SModelS is an automatic, public tool for interpreting simplified-model results from the LHC. It is based on a general procedure to decompose Beyond the Standard Model (BSM) collider signatures into Simplified Model Spectrum (SMS) topologies. Our method provides a way to cast BSM predictions for the LHC in a model independent framework, which can be directly confronted with the relevant experimental constraints.
Installation
For instructions on how to install SModelS, see
the section Installation <http://smodels.readthedocs.io/en/latest/Installation.html>_ of the SModelS online manual_.
Running SModelS
SModelS provides a command-line tool (runSModelS.py) for the basic functionalities, which can be executed as:
./runSModelS.py -p <parameter file> -f <input file or directory> -o <output directory>
For help instructions:
./runSModelS.py -h
An example file on how to call the SModelS libraries from your own Python code can be found in Example.py.
Detailed explanations on how to use SModelS, including explanations of the
output, can be found in the section Using SModelS <http://smodels.readthedocs.io/en/latest/RunningSModelS.html>_ of the SModelS online manual_.
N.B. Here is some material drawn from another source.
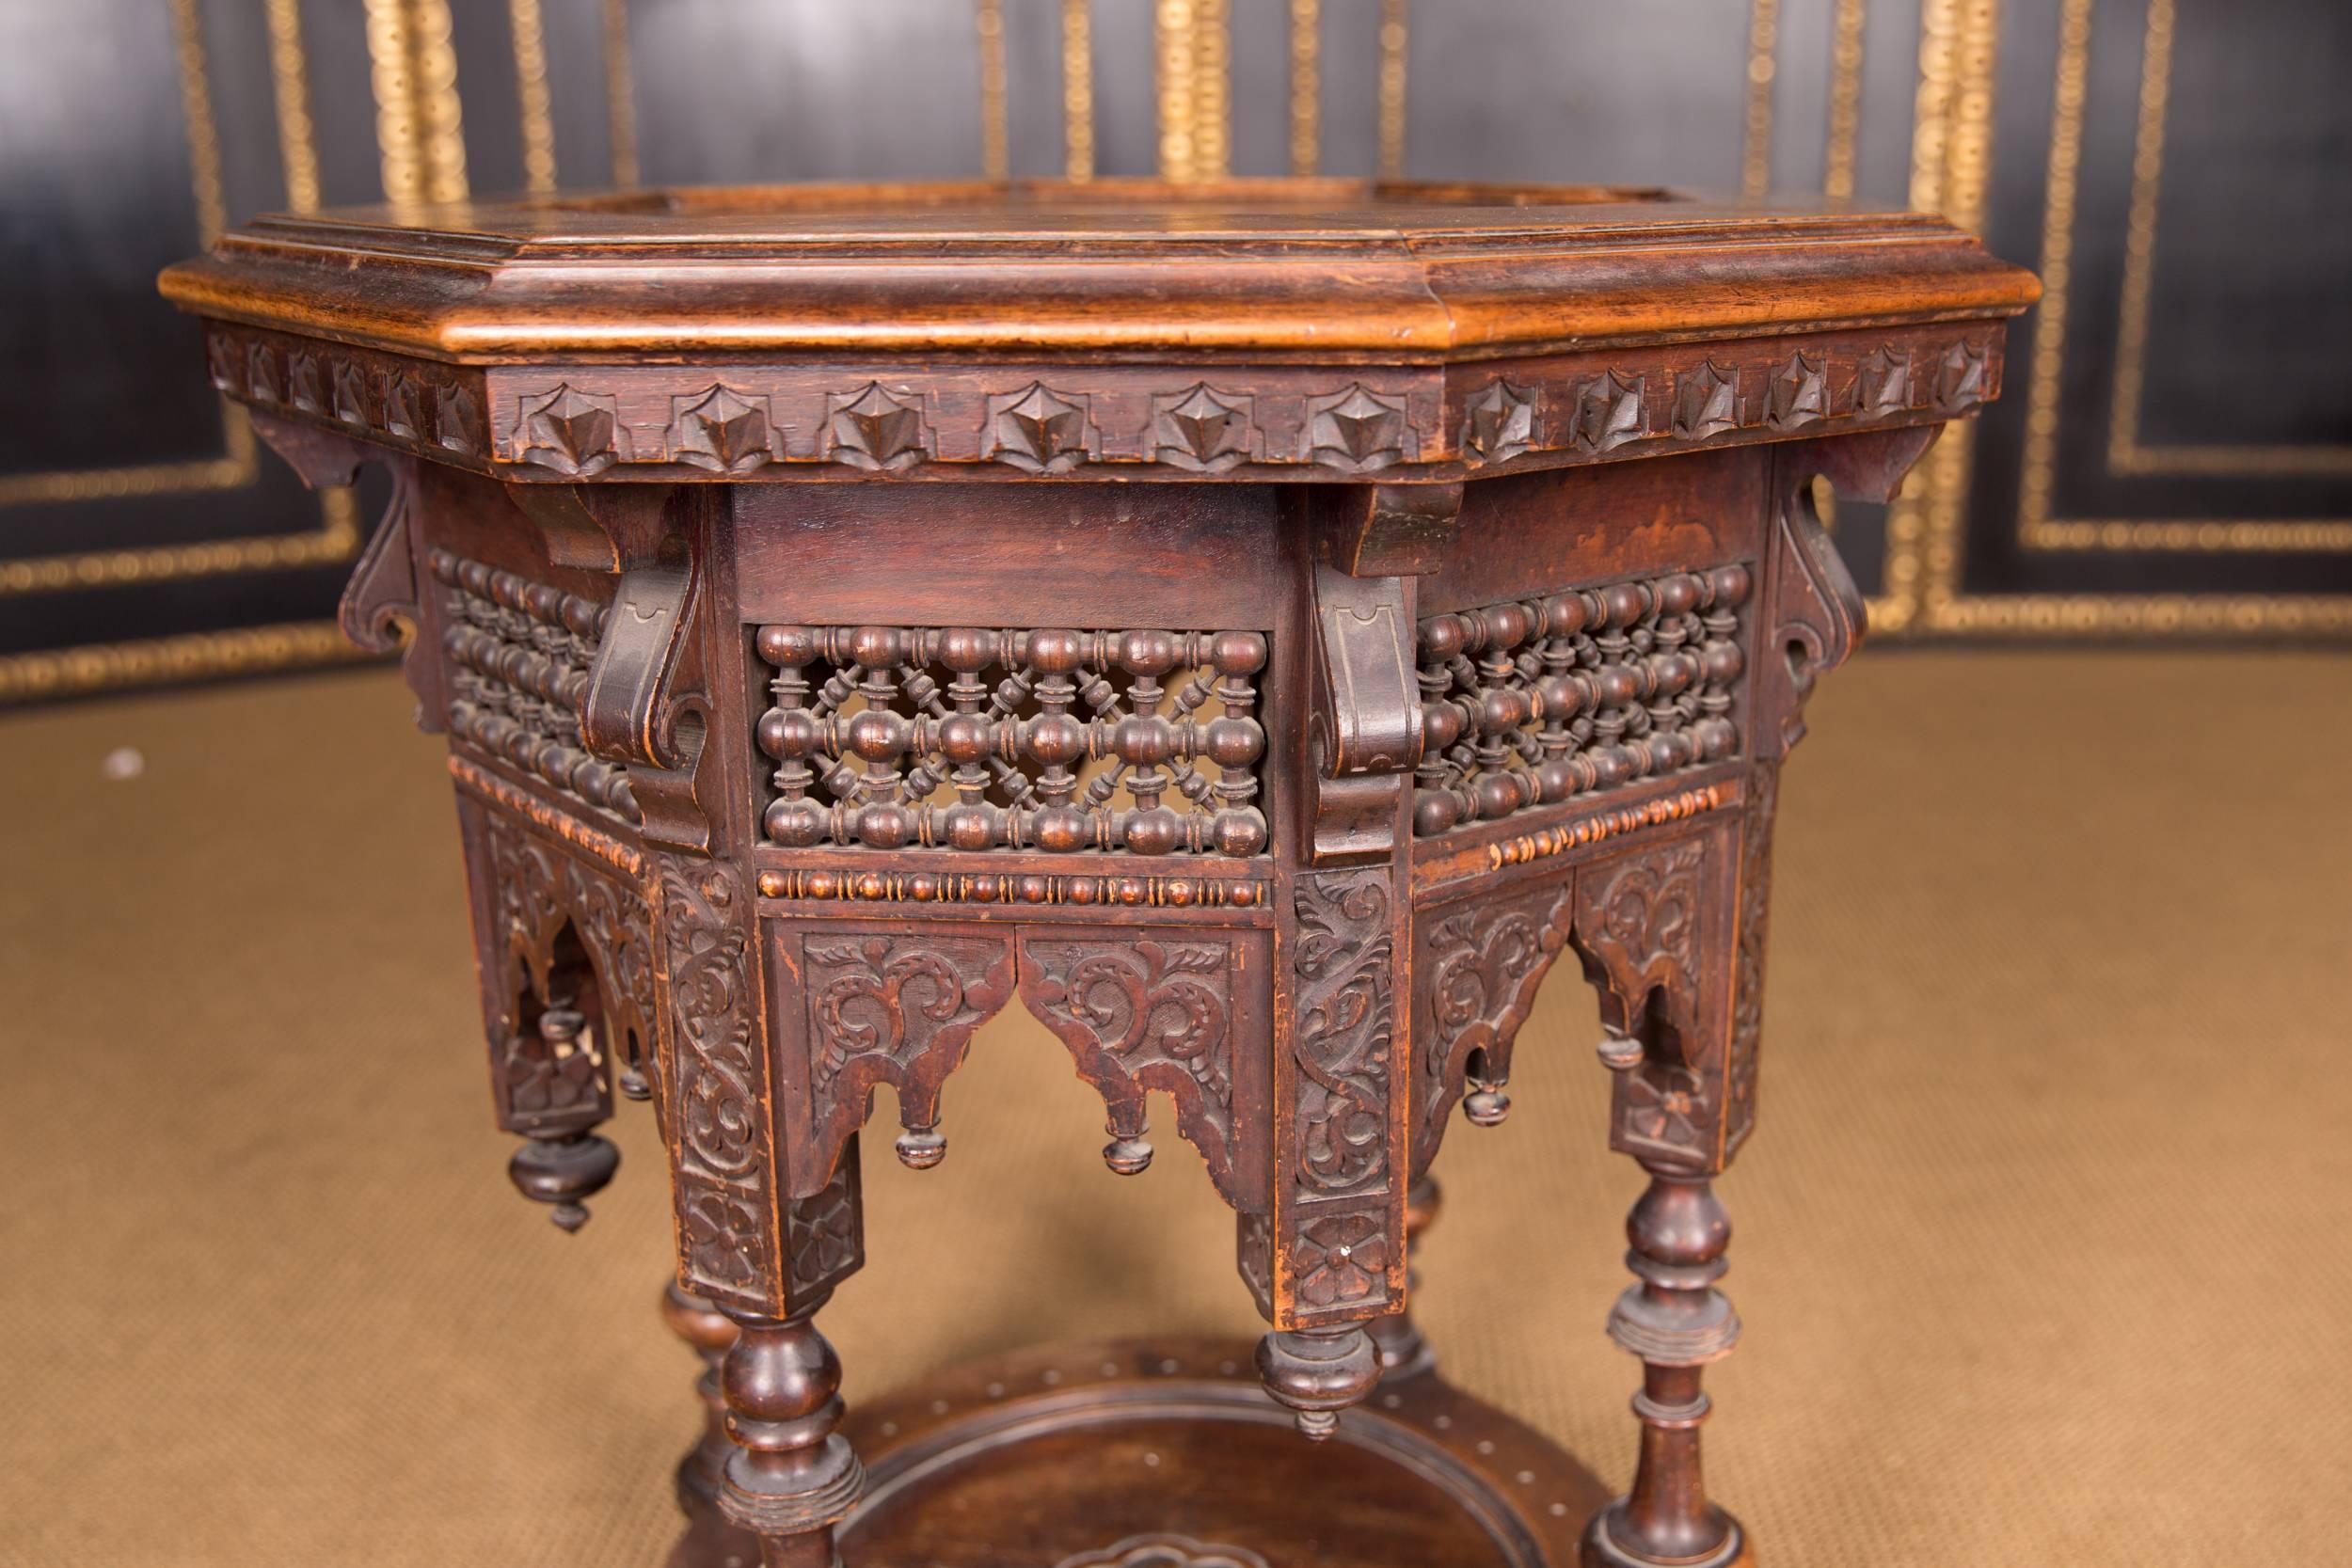 Hand-Carved 19th Century antique Oriental Octogonal Table with Inlaid circa 1900 beech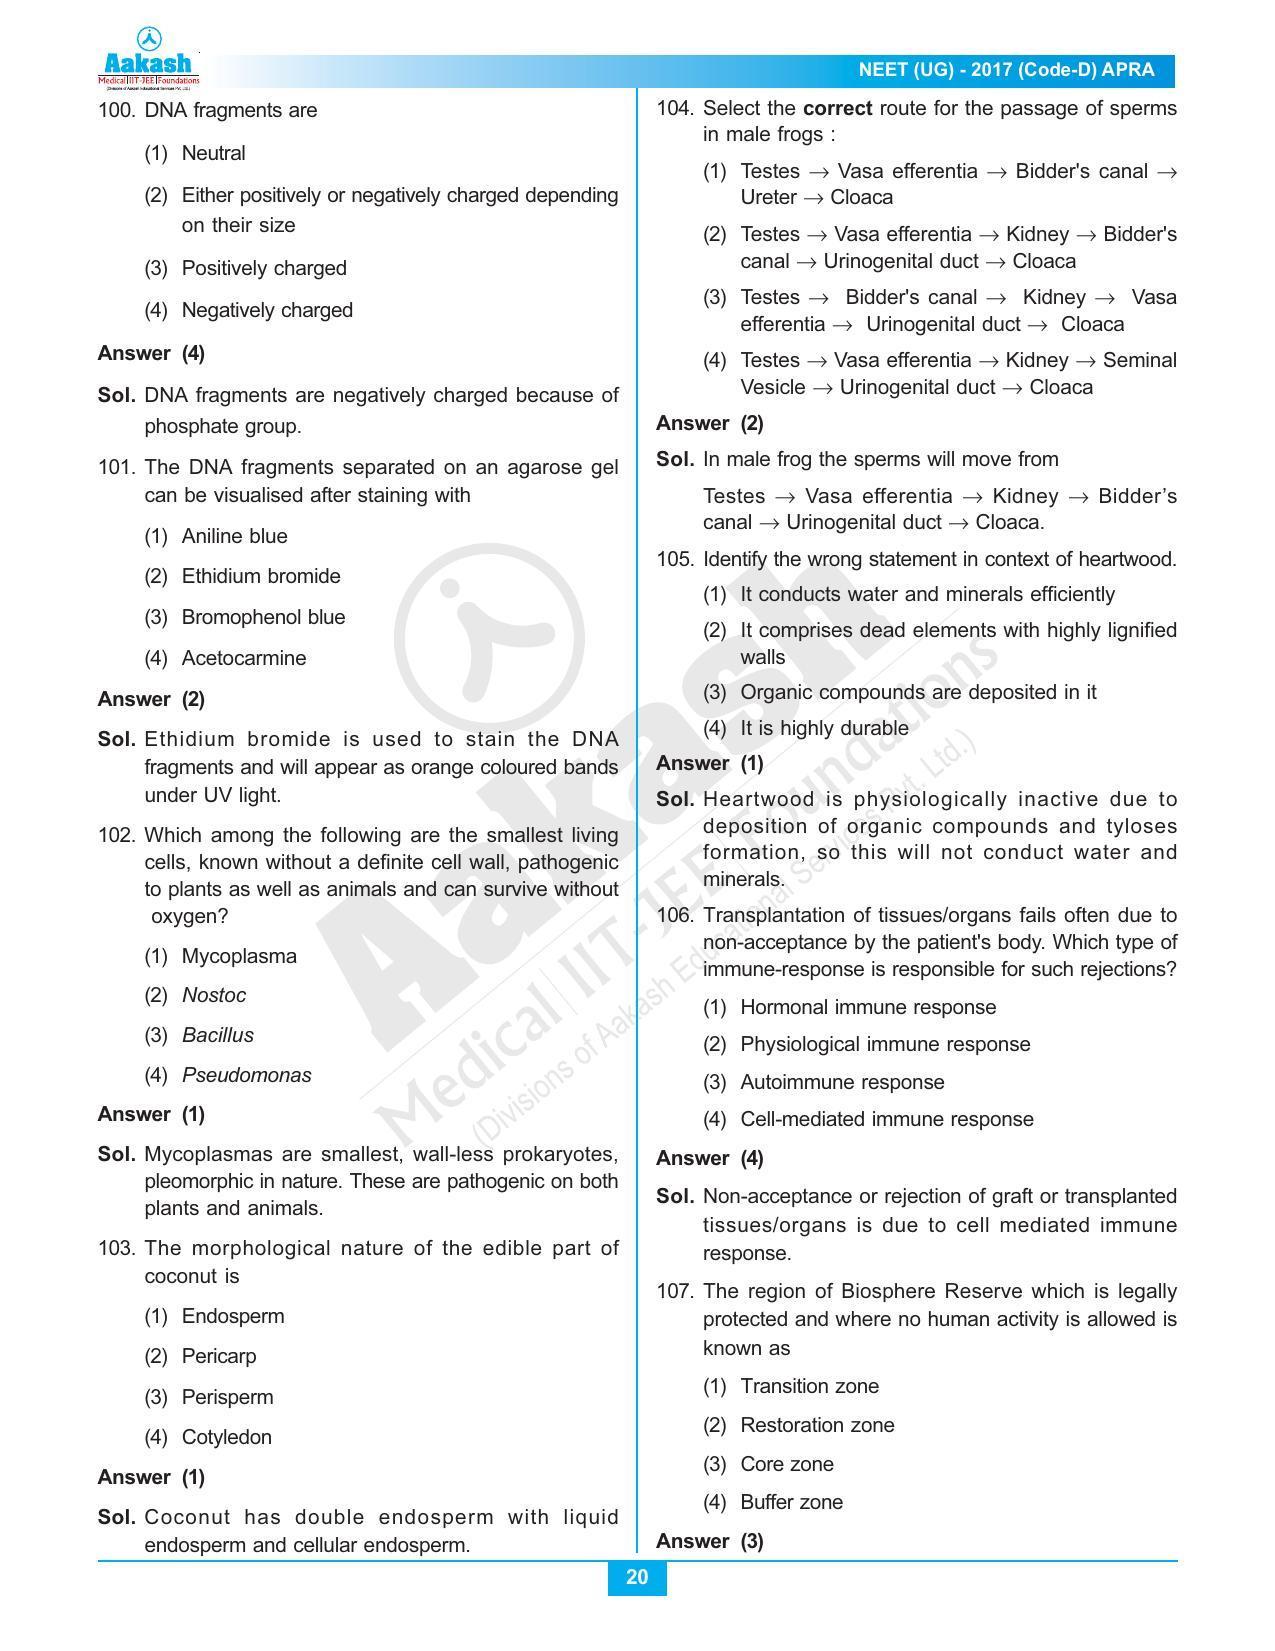  NEET Code D 2017 Answer & Solutions - Page 20

A few example input files are provided in the inputFiles folder and can be used to test runSModelS.py.
Citation
If you use this software please cite the SModelS v1-v3 manuals, the original
SModelS publication, as well as the programs it makes use of. For your
convenience, the relevant citations are provided in bibtex format in
references.bib <https://github.com/SModelS/smodels/blob/main/references.bib>_.
For citing the experimental analyses in the database, you can use
database.bib <https://github.com/SModelS/smodels-database-release/blob/main/database.bib>_.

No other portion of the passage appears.